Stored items
▬▬▬▬▬▬▬▬▬▬
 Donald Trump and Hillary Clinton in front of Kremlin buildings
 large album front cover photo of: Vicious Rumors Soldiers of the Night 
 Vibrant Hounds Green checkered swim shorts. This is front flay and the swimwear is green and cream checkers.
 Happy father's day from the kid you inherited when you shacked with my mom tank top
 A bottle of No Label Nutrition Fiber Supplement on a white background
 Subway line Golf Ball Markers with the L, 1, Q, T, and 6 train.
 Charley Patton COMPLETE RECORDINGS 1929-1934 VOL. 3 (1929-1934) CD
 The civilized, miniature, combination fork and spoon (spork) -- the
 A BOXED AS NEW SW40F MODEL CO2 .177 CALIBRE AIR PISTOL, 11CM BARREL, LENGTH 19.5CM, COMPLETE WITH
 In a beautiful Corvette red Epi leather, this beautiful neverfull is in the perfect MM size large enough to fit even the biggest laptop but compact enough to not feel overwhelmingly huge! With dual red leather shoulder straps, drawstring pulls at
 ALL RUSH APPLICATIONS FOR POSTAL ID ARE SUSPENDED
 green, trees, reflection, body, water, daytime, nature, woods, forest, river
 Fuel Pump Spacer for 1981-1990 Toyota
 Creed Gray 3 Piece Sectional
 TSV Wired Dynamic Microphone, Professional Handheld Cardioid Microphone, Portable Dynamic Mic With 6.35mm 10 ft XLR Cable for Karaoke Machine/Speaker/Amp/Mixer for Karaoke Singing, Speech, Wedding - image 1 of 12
▬▬▬▬▬▬▬▬▬▬
Task to complete: Set down exactly, and only, the lines from the one with "Subway line Golf" to the final line of the data.

Response below:
 Subway line Golf Ball Markers with the L, 1, Q, T, and 6 train.
 Charley Patton COMPLETE RECORDINGS 1929-1934 VOL. 3 (1929-1934) CD
 The civilized, miniature, combination fork and spoon (spork) -- the
 A BOXED AS NEW SW40F MODEL CO2 .177 CALIBRE AIR PISTOL, 11CM BARREL, LENGTH 19.5CM, COMPLETE WITH
 In a beautiful Corvette red Epi leather, this beautiful neverfull is in the perfect MM size large enough to fit even the biggest laptop but compact enough to not feel overwhelmingly huge! With dual red leather shoulder straps, drawstring pulls at
 ALL RUSH APPLICATIONS FOR POSTAL ID ARE SUSPENDED
 green, trees, reflection, body, water, daytime, nature, woods, forest, river
 Fuel Pump Spacer for 1981-1990 Toyota
 Creed Gray 3 Piece Sectional
 TSV Wired Dynamic Microphone, Professional Handheld Cardioid Microphone, Portable Dynamic Mic With 6.35mm 10 ft XLR Cable for Karaoke Machine/Speaker/Amp/Mixer for Karaoke Singing, Speech, Wedding - image 1 of 12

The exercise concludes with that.